The developmentally disabled are persons who are severely affected by mental retardation, epilepsy, cerebral palsy, autism and other related conditions.

The state law that created services for them established a series of nonprofit regional centers to disburse the state aid. The center here in Orange is one of 21 in the state; all are closing either this week or next because of no state funds.

Advertisement

The state money pipeline dried up July 1, when the Legislature and Gov. Pete Wilson failed to agree on a new budget. That stalemate continued Friday.

“I’ve been in this field (of work) about 19 years, and I’ve never seen anything like this,” said Tate. “This is very disturbing. Some of our clients’ health and safety is going to be jeopardized.”

Elaine Bamberg, chief executive officer for the center, said: “We’ve tried to arrange for emergency backup systems. We’ve worked with our local provider groups to help find someone a home (if a disabled person is evicted), but there is always the potential that someone will fall through the cracks if we’re not here to help.

“We get over 1,500 phone calls a day requesting information and assistance. Some are emergencies. Now there will be no one to answer those calls,” she added.

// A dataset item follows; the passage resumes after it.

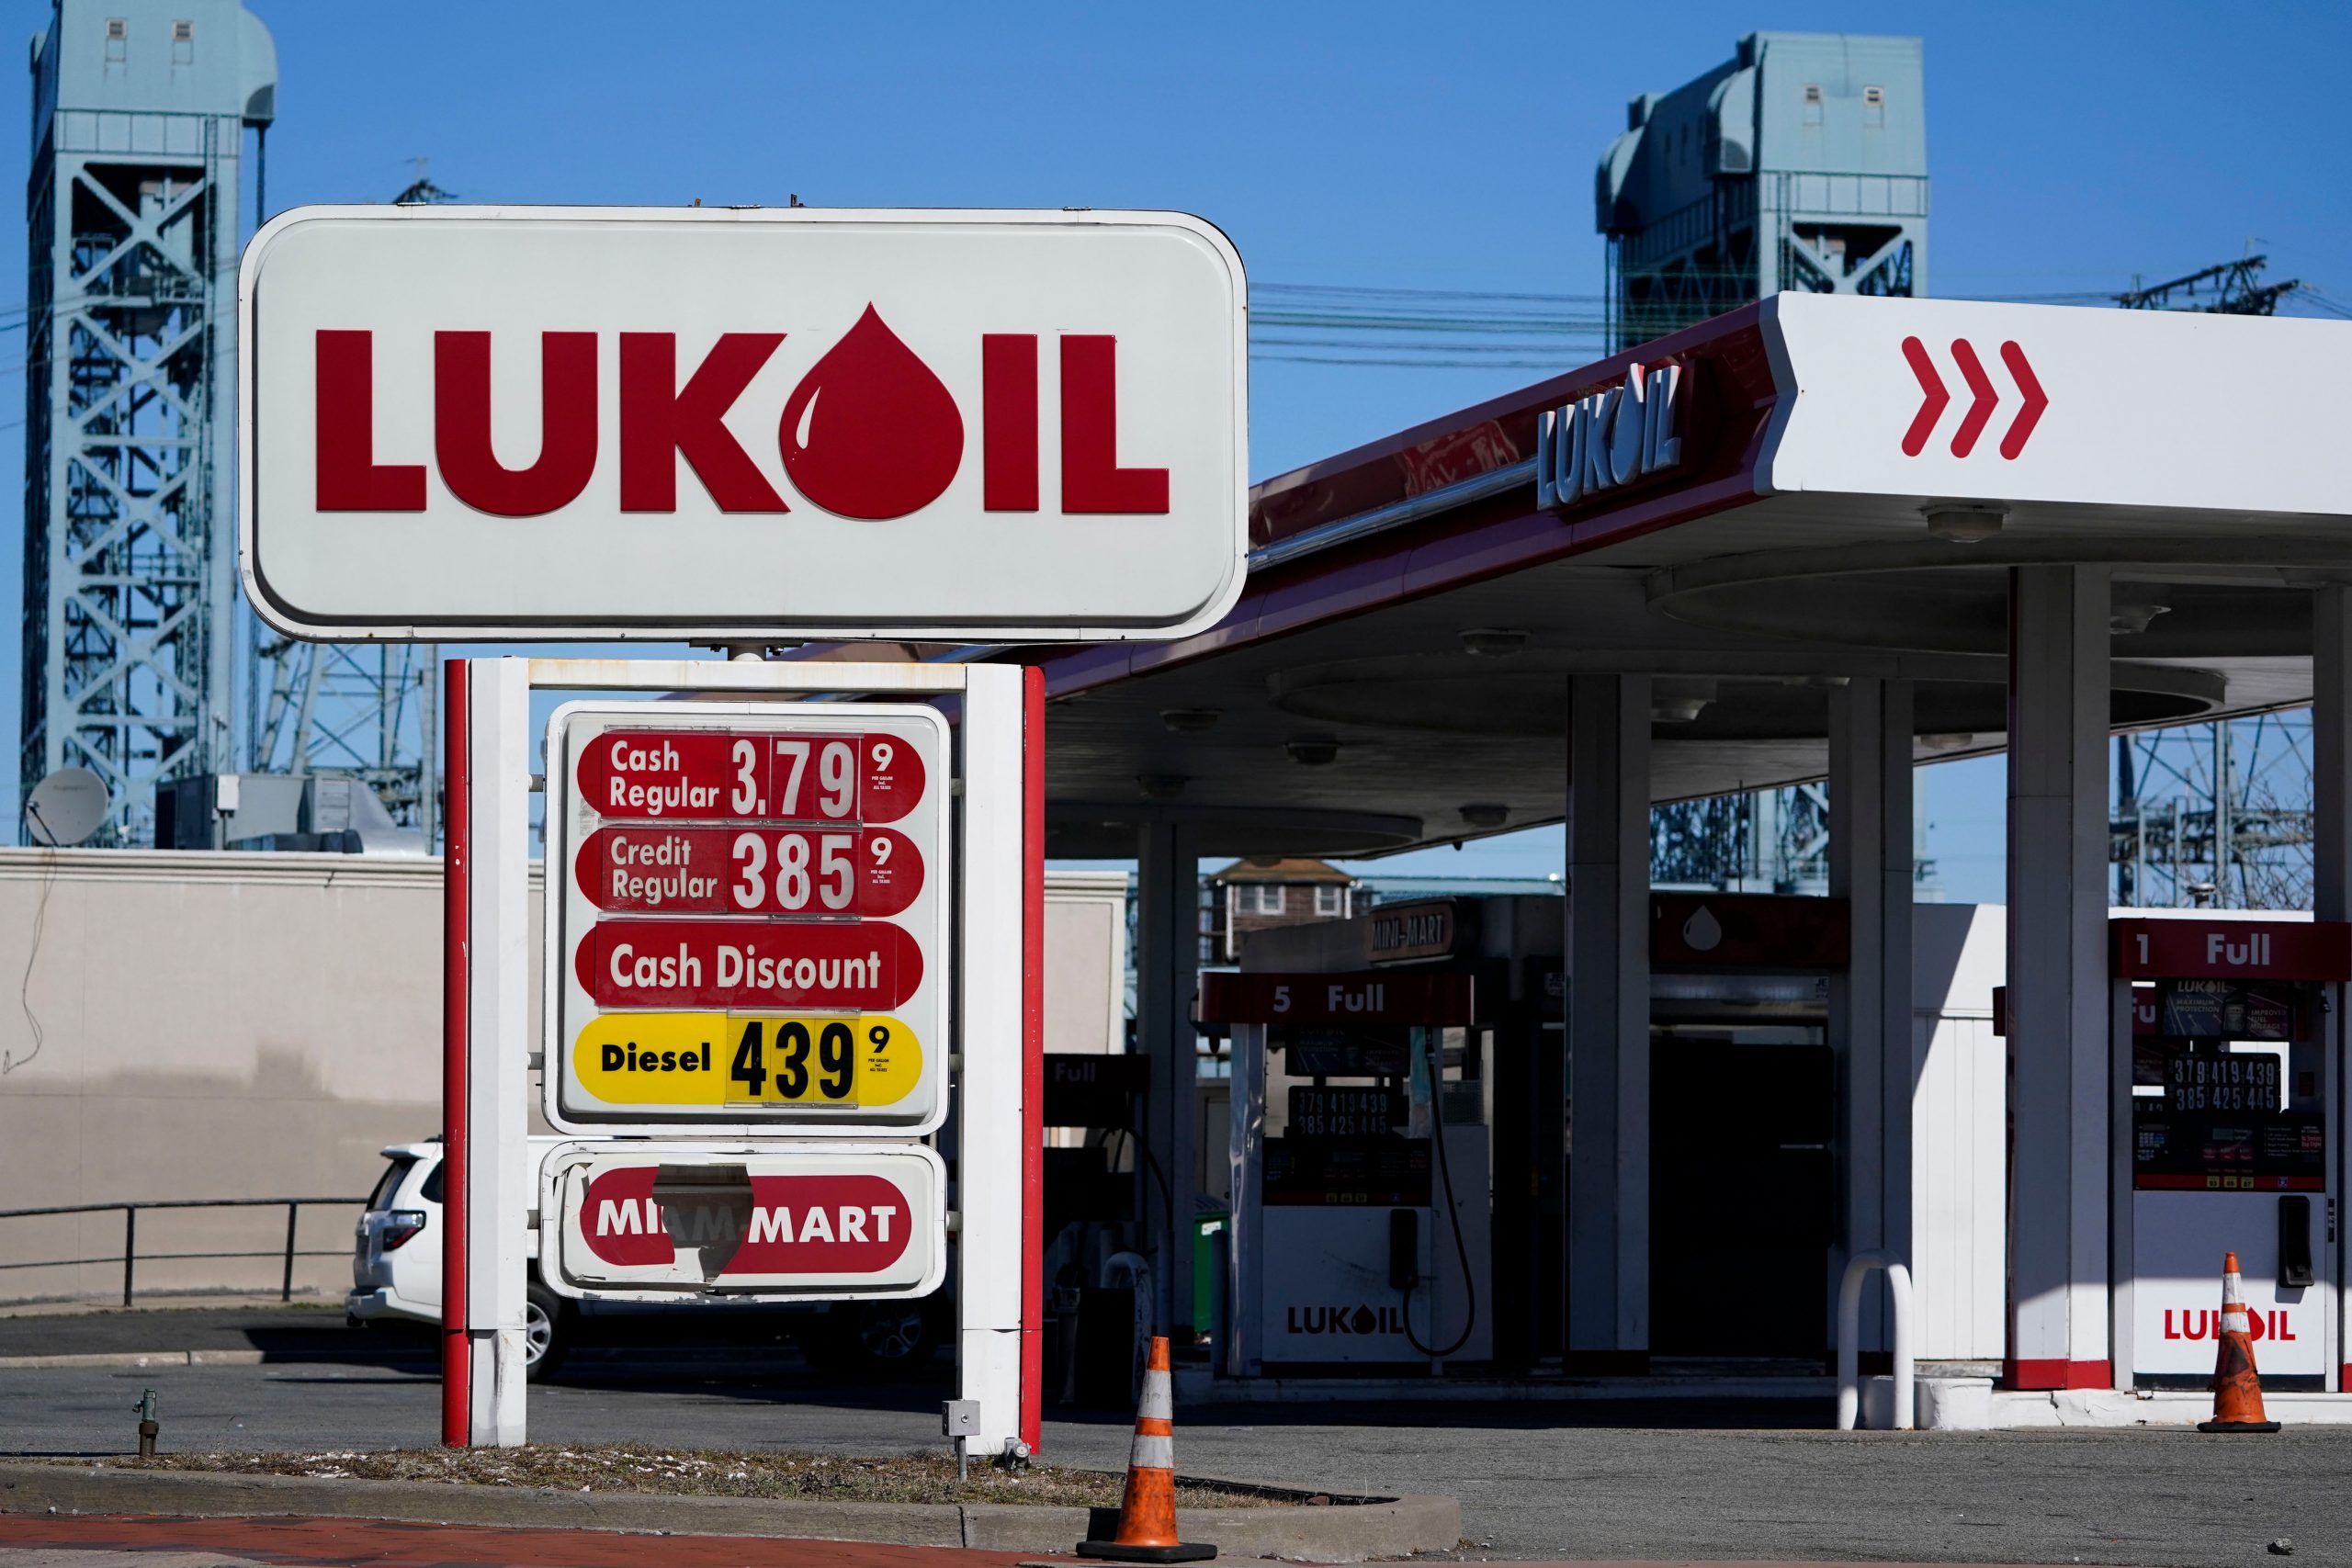 Moscow based gas stations in US face backlash for Russia-Ukraine war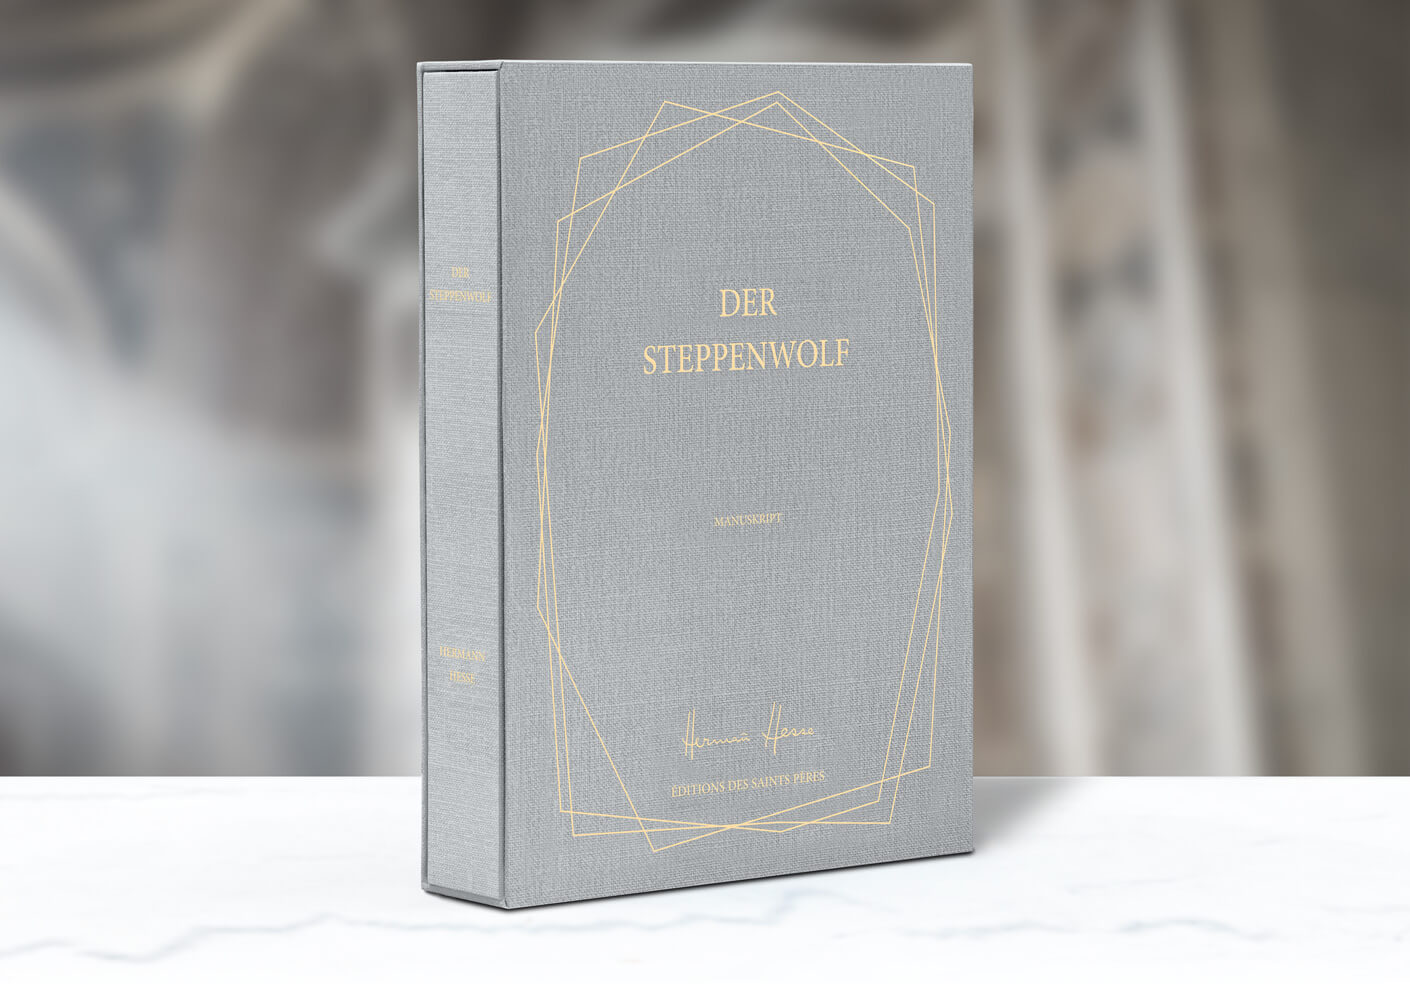 The Steppenwolf book

Davida Gregory, co-owner of an Irvine private care home where four disabled young women live, said she is worried about the closure of the center and the halt of state money to pay her. But Gregory said she and her husband will do everything they can to keep providing for the women, whose ages range from 17 to 22.

“We feel we have a moral and ethical duty to these kids,” she said. But she noted that she and her husband are now facing bills for food and clothing for their tenants without any state payments. “This is very hard on small operators like us,” she said.